Bug #17531

Upgrade to Tor 0.4.2.7 (TROVE-2020-002, TROVE-2020-004)

Added by intrigeri 2020-03-18 16:36:38 . Updated 2020-03-21 14:17:58 .

Status:
Resolved
Priority:
Elevated
Assignee:
CyrilBrulebois
Category:
Target version:
Start date:
Due date:
% Done:

0%

Feature Branch:
Type of work:
Code
Blueprint:

Starter:
Affected tool:
Deliverable for:

Description


Subtasks


Related issues

Blocks Tails - Feature #16209: Core work: Foundations Team Confirmed

History

#1 Updated by intrigeri 2020-03-18 16:37:01

#2 Updated by intrigeri 2020-03-18 16:38:17

@CyrilBrulebois, I’ve created this ticket as I would normally do with my FT “frontdesk” hat on. I understand the target version might become 4.4.1.

#3 Updated by CyrilBrulebois 2020-03-19 04:54:48

  • Assignee set to CyrilBrulebois

Yep, thanks.

For the record, 0.4.2.7 packages for buster seem to be available already.

Taking the ticket for the time being, I’ll check what’s happening on the Tor Browser side. But I might start merging Tor into a feature branch for stable shortly (yet another process I haven’t followed yet).

#4 Updated by CyrilBrulebois 2020-03-20 16:07:02

  • Status changed from Confirmed to In Progress

Applied in changeset commit:tails|20162596347aa4a25a698f3b9e49bb03bc942636.

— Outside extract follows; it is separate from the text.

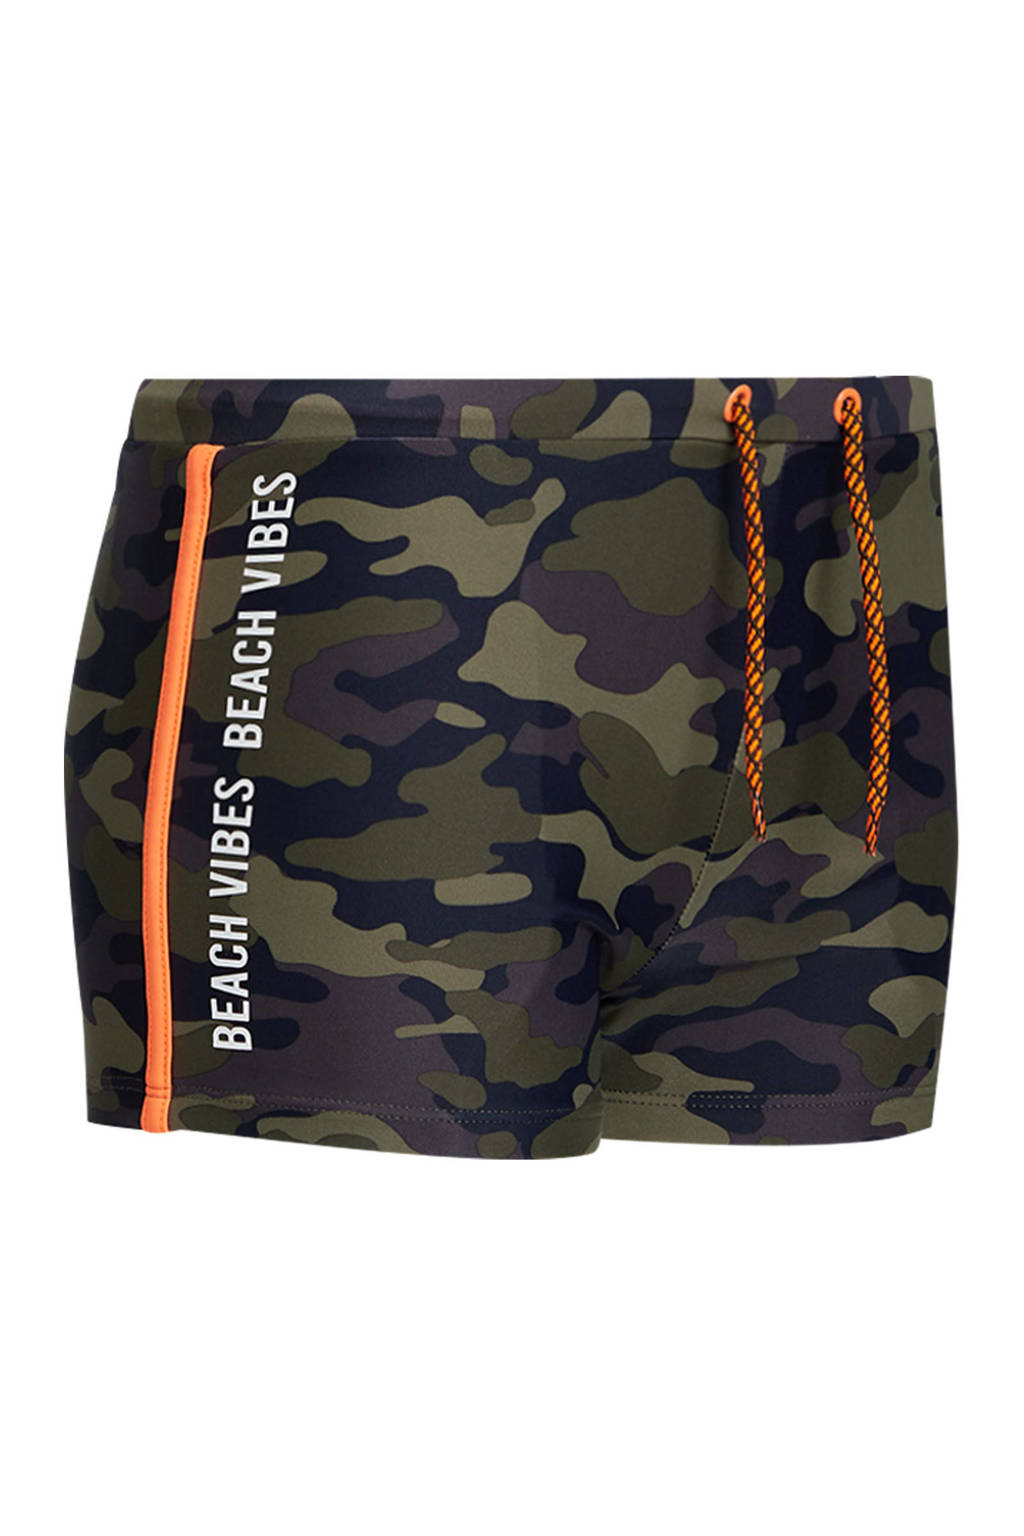 WE Fashion zwemboxer met camouflageprint legergroen, Legergroen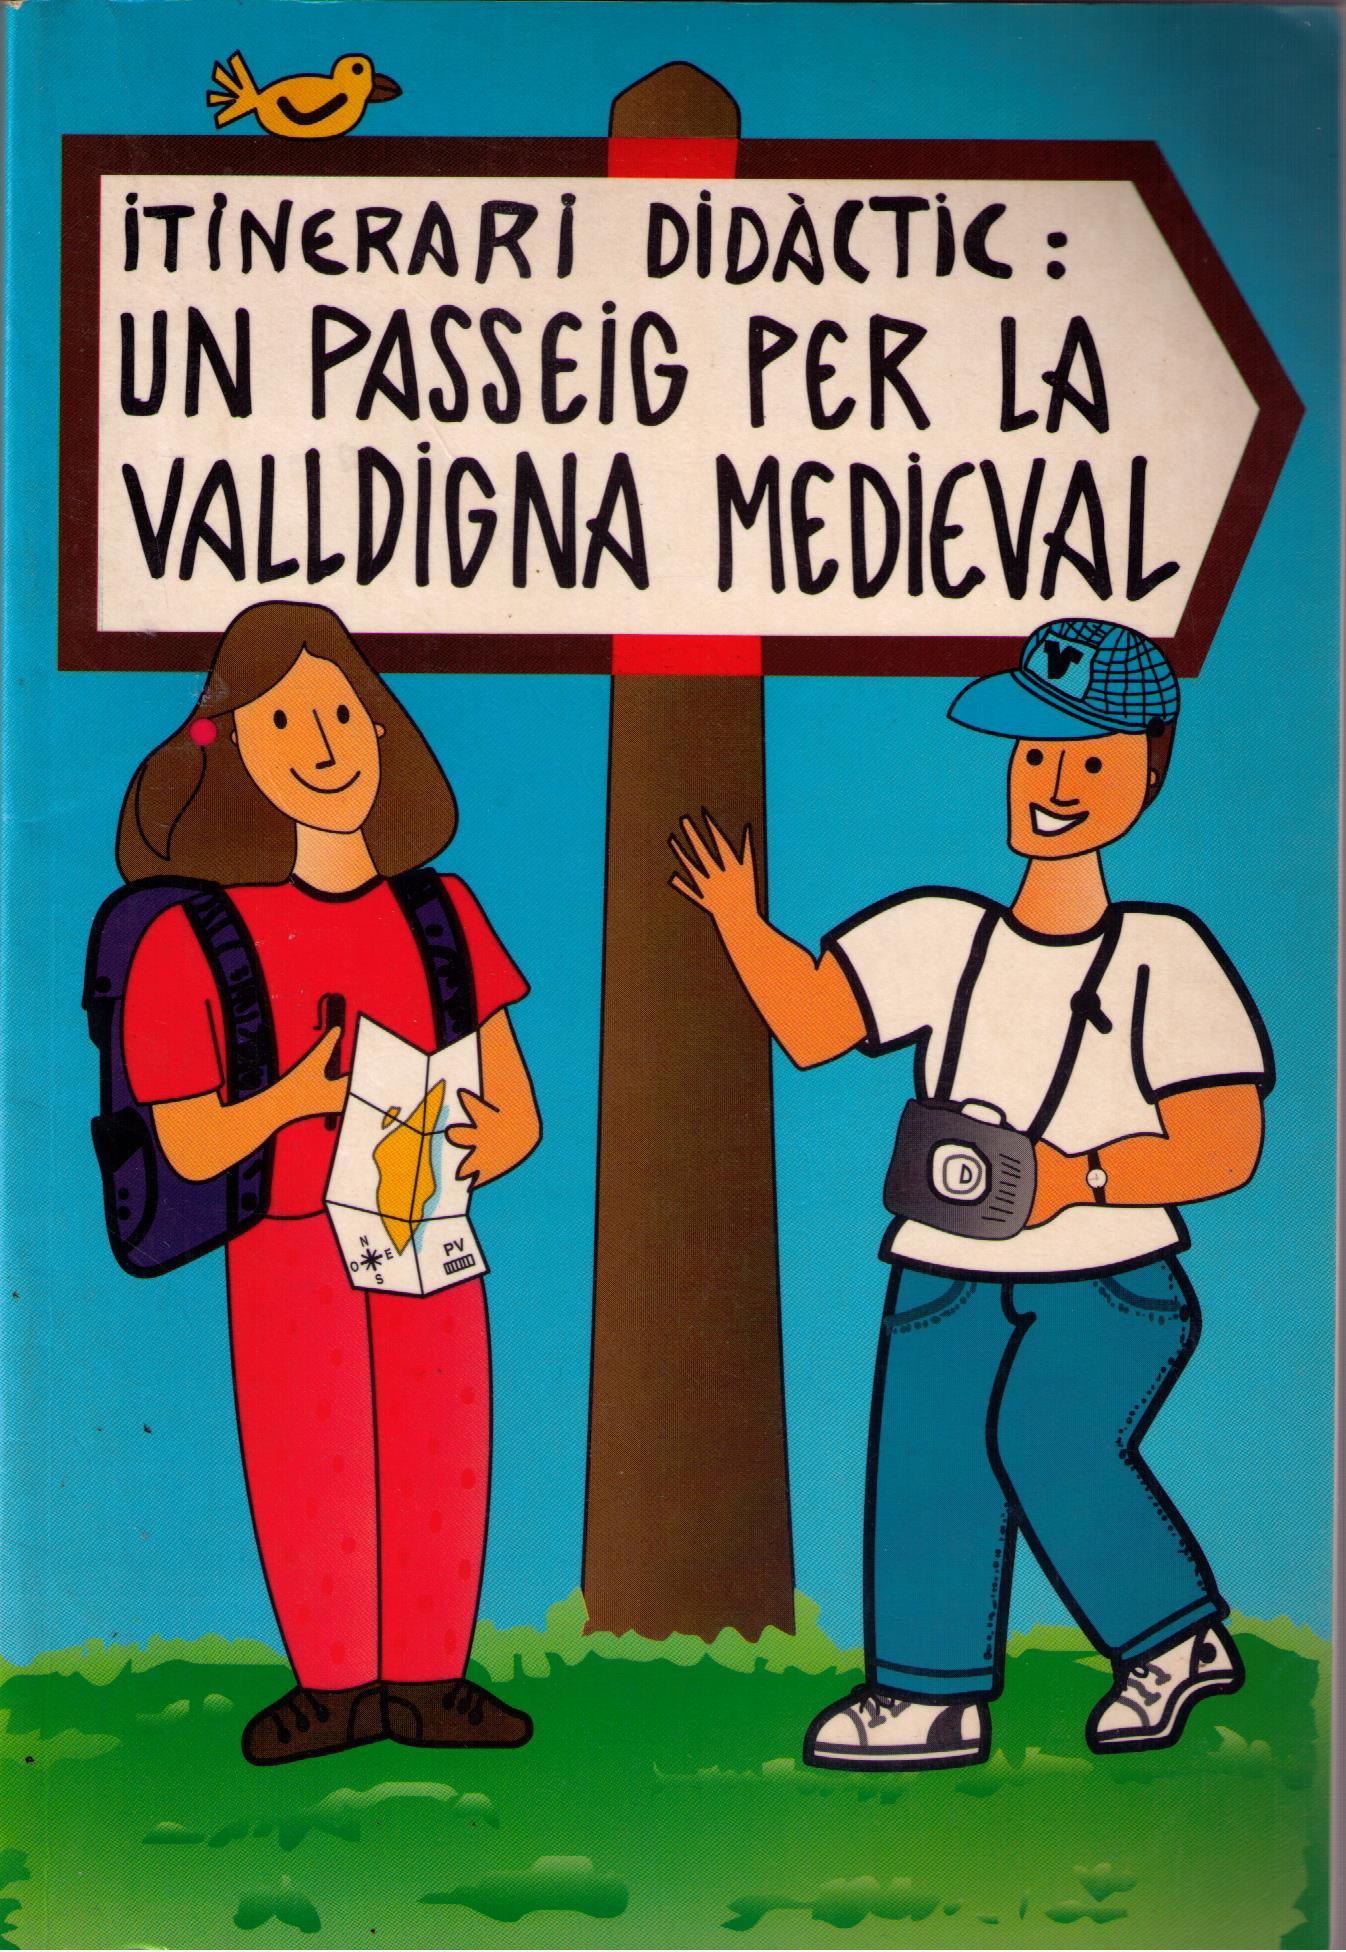 Itinerari didàctic: Un passeig per la Valldigna medieval

#5 Updated by CyrilBrulebois 2020-03-21 05:15:16

  • Target version changed from Tails_4.5 to Tails_4.4.1

#6 Updated by CyrilBrulebois 2020-03-21 05:22:09

Jenkins results for the +force-all-tests run:

Failing Scenarios:
cucumber features/usb_install.feature:125 # Scenario: Installing Tails with GNOME Disks from a USB image
cucumber features/usb_install.feature:133 # Scenario: The system partition is updated when booting from a USB drive where a Tails USB image was copied
cucumber features/encryption.feature:34 # Scenario: Symmetric encryption and decryption using OpenPGP Applet
cucumber features/thunderbird.feature:23 # Scenario: Thunderbird can send emails, and receive emails over IMAP

218 scenarios (4 failed, 214 passed)
1629 steps (4 failed, 12 skipped, 1613 passed)
349m22.850s

I’m investigating.

#7 Updated by intrigeri 2020-03-21 08:45:18

Hi!

Just a friendly reminder, as a safety net: we need to bump the expiration date for the snapshot of the “torproject” archive that we’re switching to here (https://tails.boum.org/contribute/APT_repository/time-based_snapshots/#bump-expiration-date) :)

#8 Updated by CyrilBrulebois 2020-03-21 09:01:25

Thanks.

Then if upgrading Tor itself is not just a matter of bumping the snapshot (which I figured out by looking at earlier commits), I think it deserves having a few lines somewhere?

#9 Updated by CyrilBrulebois 2020-03-21 09:23:19

All scenarios failing on Jenkins pass locally.

intrigeri: should I just go ahead and merge the branch myself into stable@ (like I would for e.g. Tor Browser), or am I expected to go through review’n’merge?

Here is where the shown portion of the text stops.